MATERIAL TO PROCESS
┌──

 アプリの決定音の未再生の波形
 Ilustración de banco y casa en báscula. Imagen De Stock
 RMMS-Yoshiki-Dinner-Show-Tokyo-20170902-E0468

└──
┌──

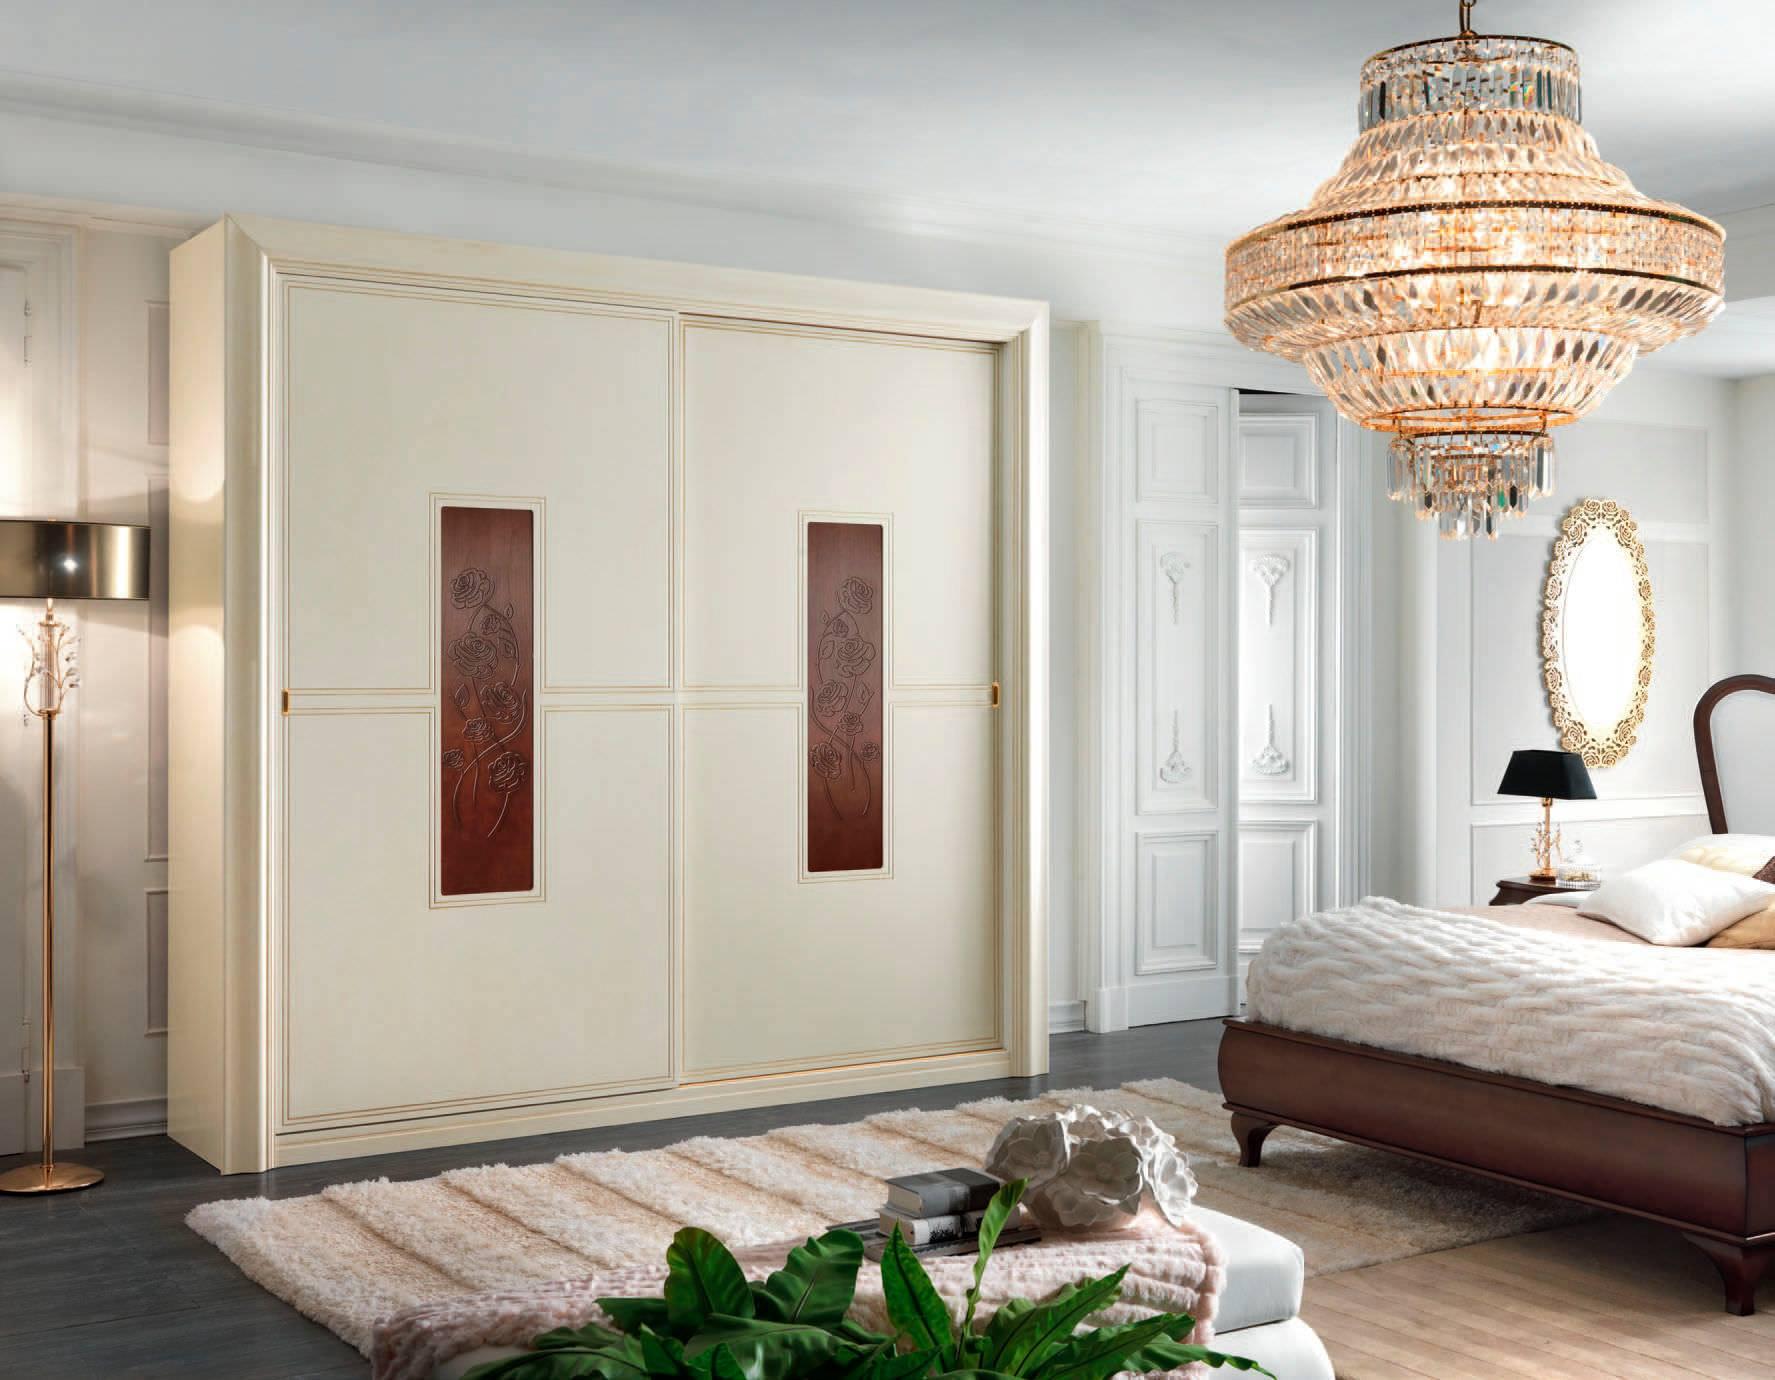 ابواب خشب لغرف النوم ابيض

└──
┌──

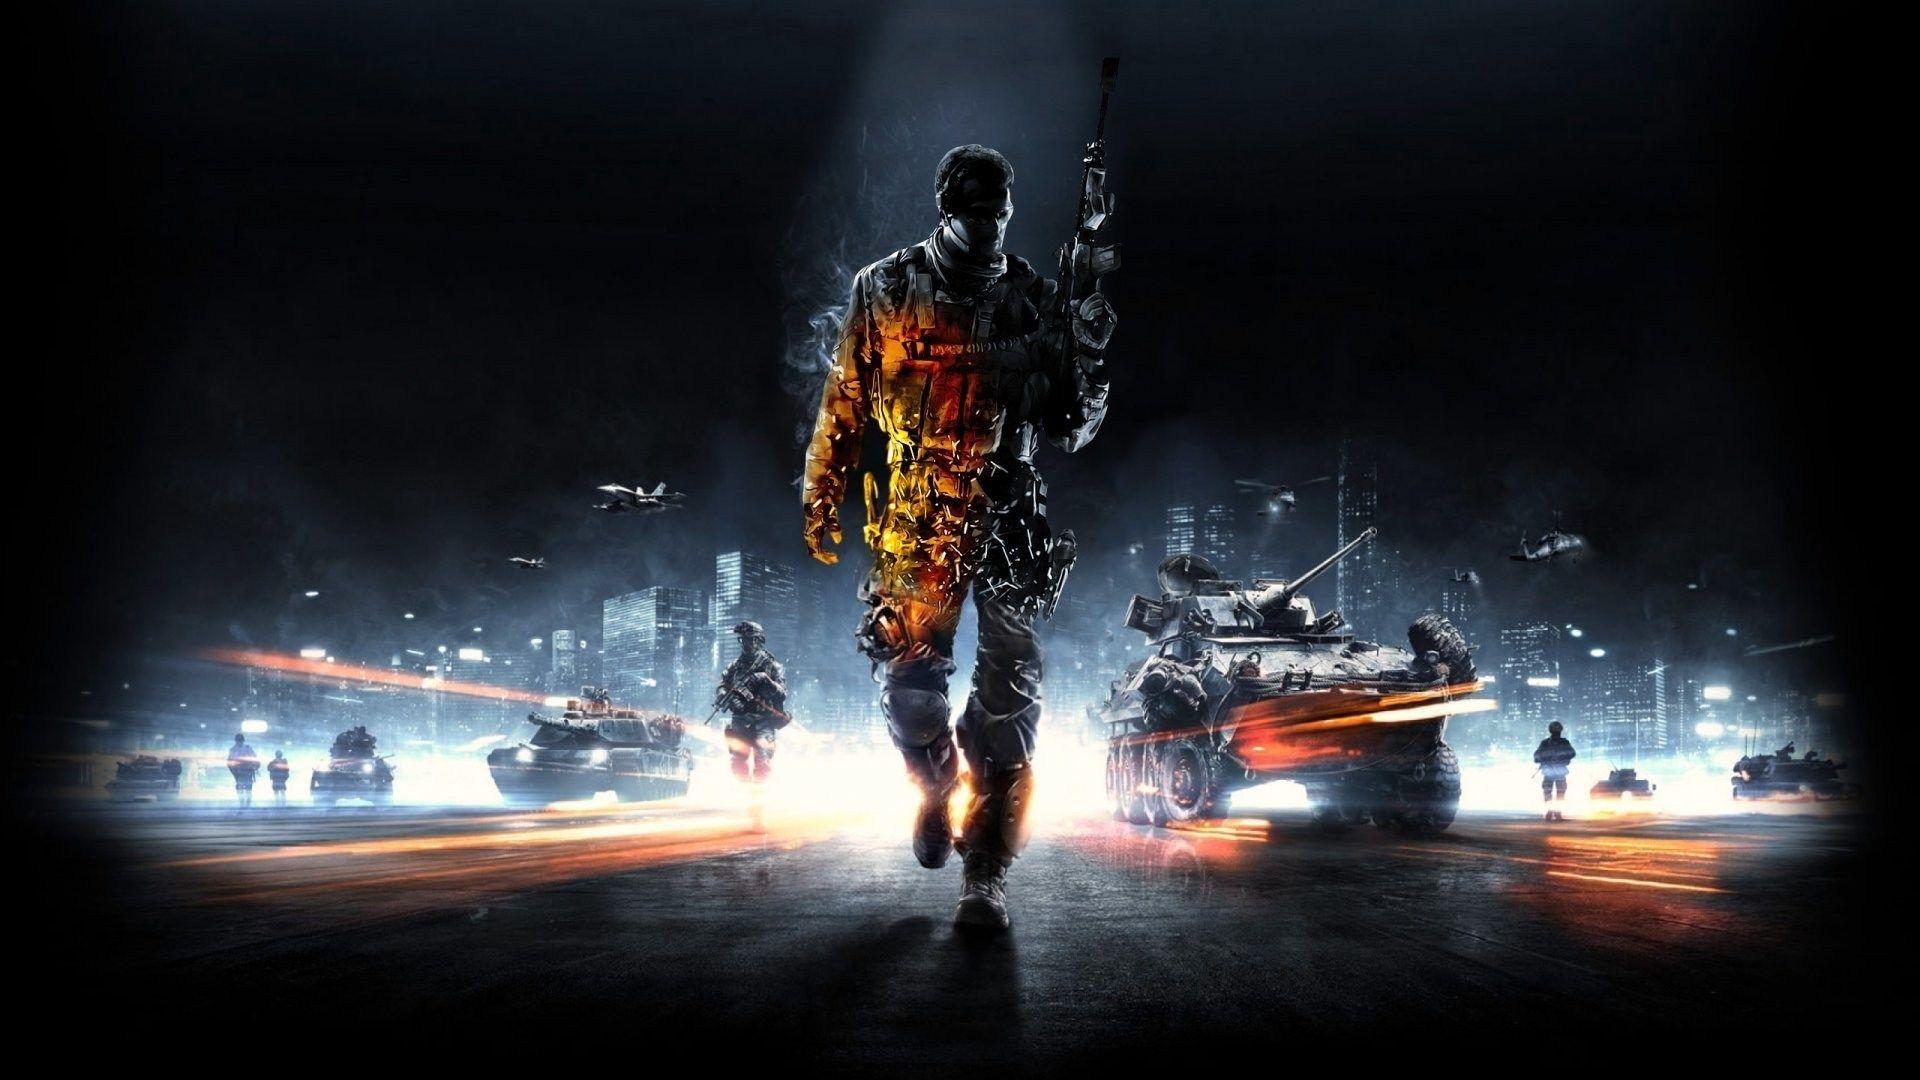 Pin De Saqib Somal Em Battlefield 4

└──

ACTIVITY
Using the entries above, return exactly the lines from the line with "アプリの決定音の未再生の波形" to the line with "RMMS-Yoshiki-Dinner-Show-Tokyo-20170902-E0468", counting both of those lines.

ANSWER BOX
 アプリの決定音の未再生の波形
 Ilustración de banco y casa en báscula. Imagen De Stock
 RMMS-Yoshiki-Dinner-Show-Tokyo-20170902-E0468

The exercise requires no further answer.